Why This Matters in AI

PCA finds eigenvectors of the covariance matrix — they are the principal directions of maximum variance in your data. Google's PageRank is the dominant eigenvector of the web link matrix. Spectral clustering uses eigenvectors of graph Laplacians. Eigenvalues indicate feature importance.

Singular Value Decomposition (SVD)

SVD decomposes any matrix (even non-square) into three matrices:

A = U · Σ · Vᵀ

Where U contains left singular vectors, Σ is diagonal with singular values (importance scores), and Vᵀ contains right singular vectors. The singular values are sorted from largest to smallest.

Python
A = np.array([[1, 2, 3],
              [4, 5, 6],
              [7, 8, 9]])

U, sigma, Vt = np.linalg.svd(A)
print("Singular values:", sigma.round(3))

# Low-rank approximation: keep only top-k singular values
# This is how image compression and recommendation engines work!
k = 2
A_approx = U[:, :k] @ np.diag(sigma[:k]) @ Vt[:k, :]
print("Rank-2 approximation:\n", A_approx.round(2))

PCA via Eigendecomposition

Python
from sklearn.decomposition import PCA
from sklearn.datasets import load_iris

iris = load_iris()
X = iris.data  # 150 samples, 4 features

# Reduce 4D → 2D using PCA
pca = PCA(n_components=2)
X_2d = pca.fit_transform(X)

print(f"Original: {X.shape}")            # (150, 4)
print(f"Reduced: {X_2d.shape}")            # (150, 2)
print(f"Variance retained: {pca.explained_variance_ratio_.sum():.2%}")

# Under the hood, PCA computes eigenvectors of the covariance matrix
cov_matrix = np.cov(X.T)
eigenvalues, eigenvectors = np.linalg.eig(cov_matrix)
print("Top 2 eigenvalues:", sorted(eigenvalues, reverse=True)[:2])

Exercises

Exercise 3.1: If a 2×2 matrix has eigenvalues 5 and -1, what can you say about it?

det(A) = 5 × (-1) = -5 (non-zero, so A is invertible). trace(A) = 5 + (-1) = 4. The matrix stretches along one eigenvector by 5× and flips+shrinks along the other.
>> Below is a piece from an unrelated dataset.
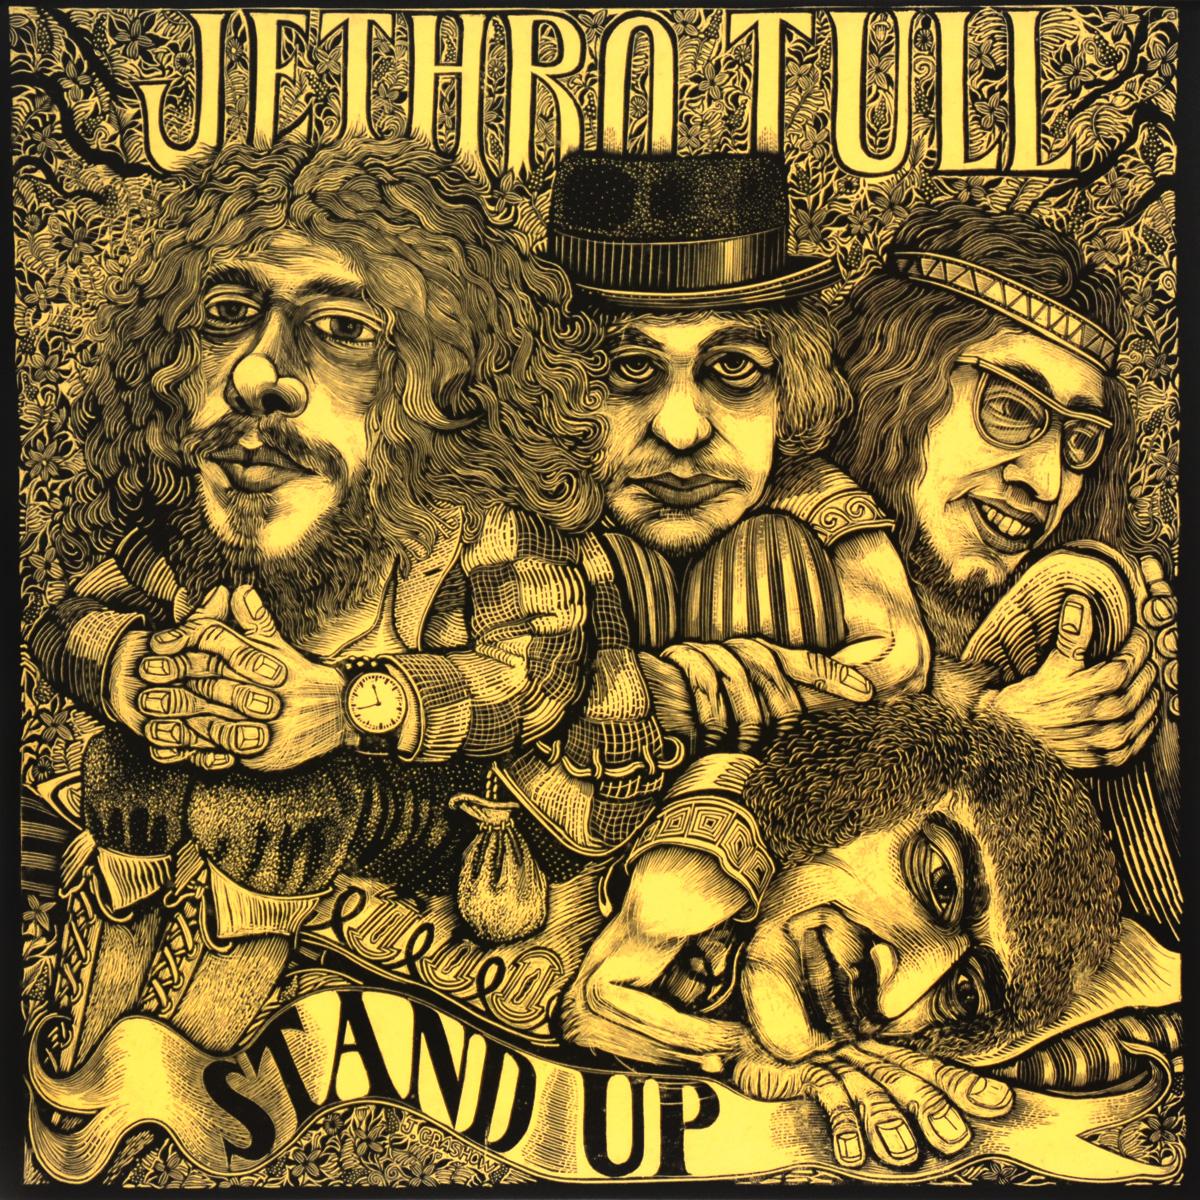 Jethro Tull Jethro Tull. Stand Up (LP) jethro tull jethro tull live at carnegie hall 1970 2 lp

The negative eigenvalue means it reverses direction along that eigenvector.

Exercise 3.2: How does Netflix use SVD for recommendations?
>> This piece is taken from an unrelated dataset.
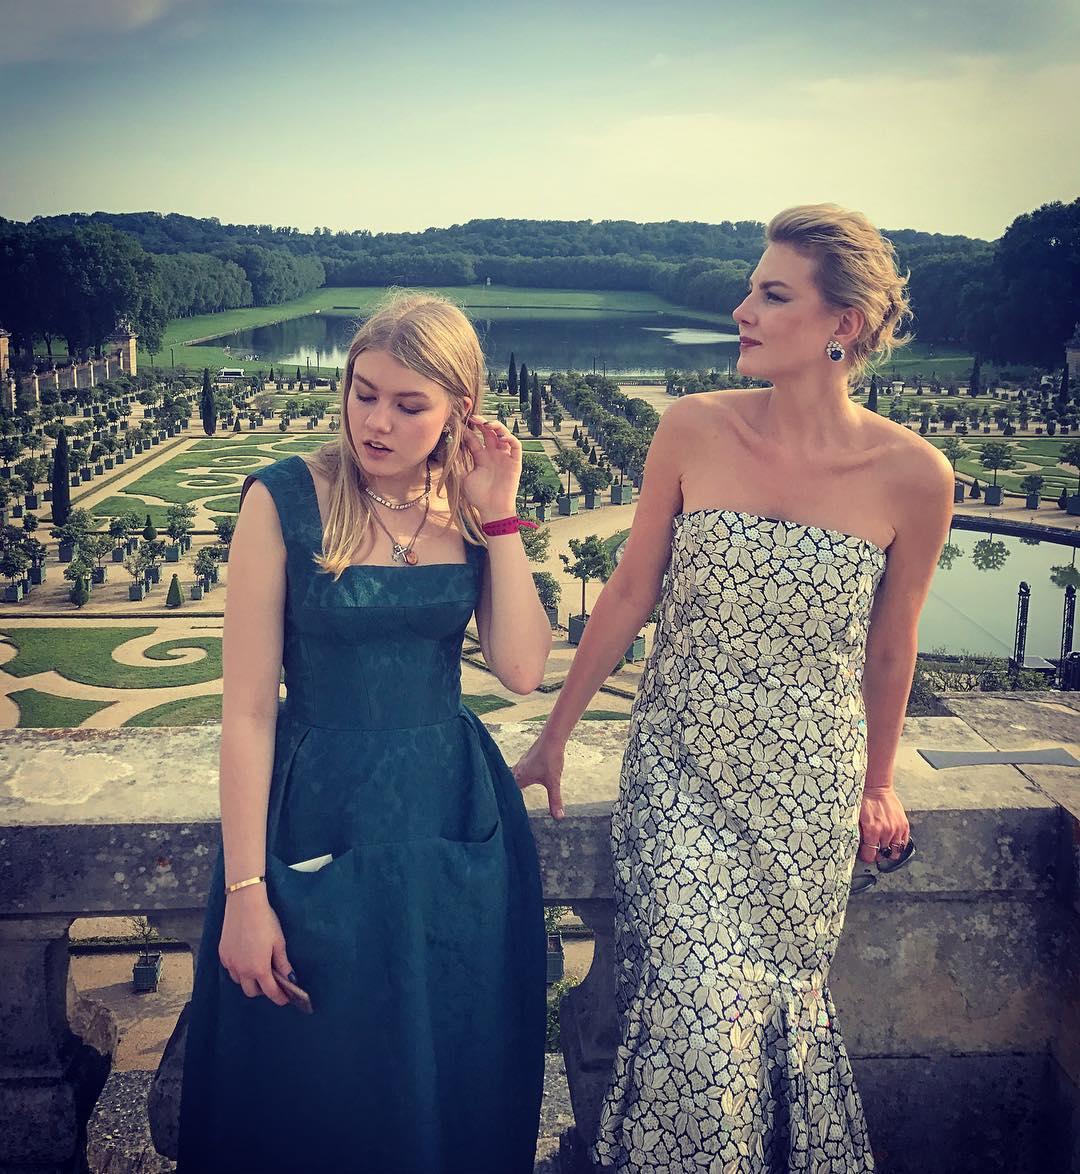 Рената Литвинова опровергла слухи о своей свадьбе с Земфирой

Netflix represents users×movies as a sparse rating matrix. SVD decomposes it into User-factor × Importance × Movie-factor matrices. Each "factor" captures a latent concept (like "action-loving" or "comedy-preference"). To predict a rating, compute the dot product of the user's factor vector with the movie's factor vector. Missing entries are predicted by the low-rank approximation.

Exercise 3.3: You have 1000 features. PCA shows the first 50 components retain 95% variance. What do you do?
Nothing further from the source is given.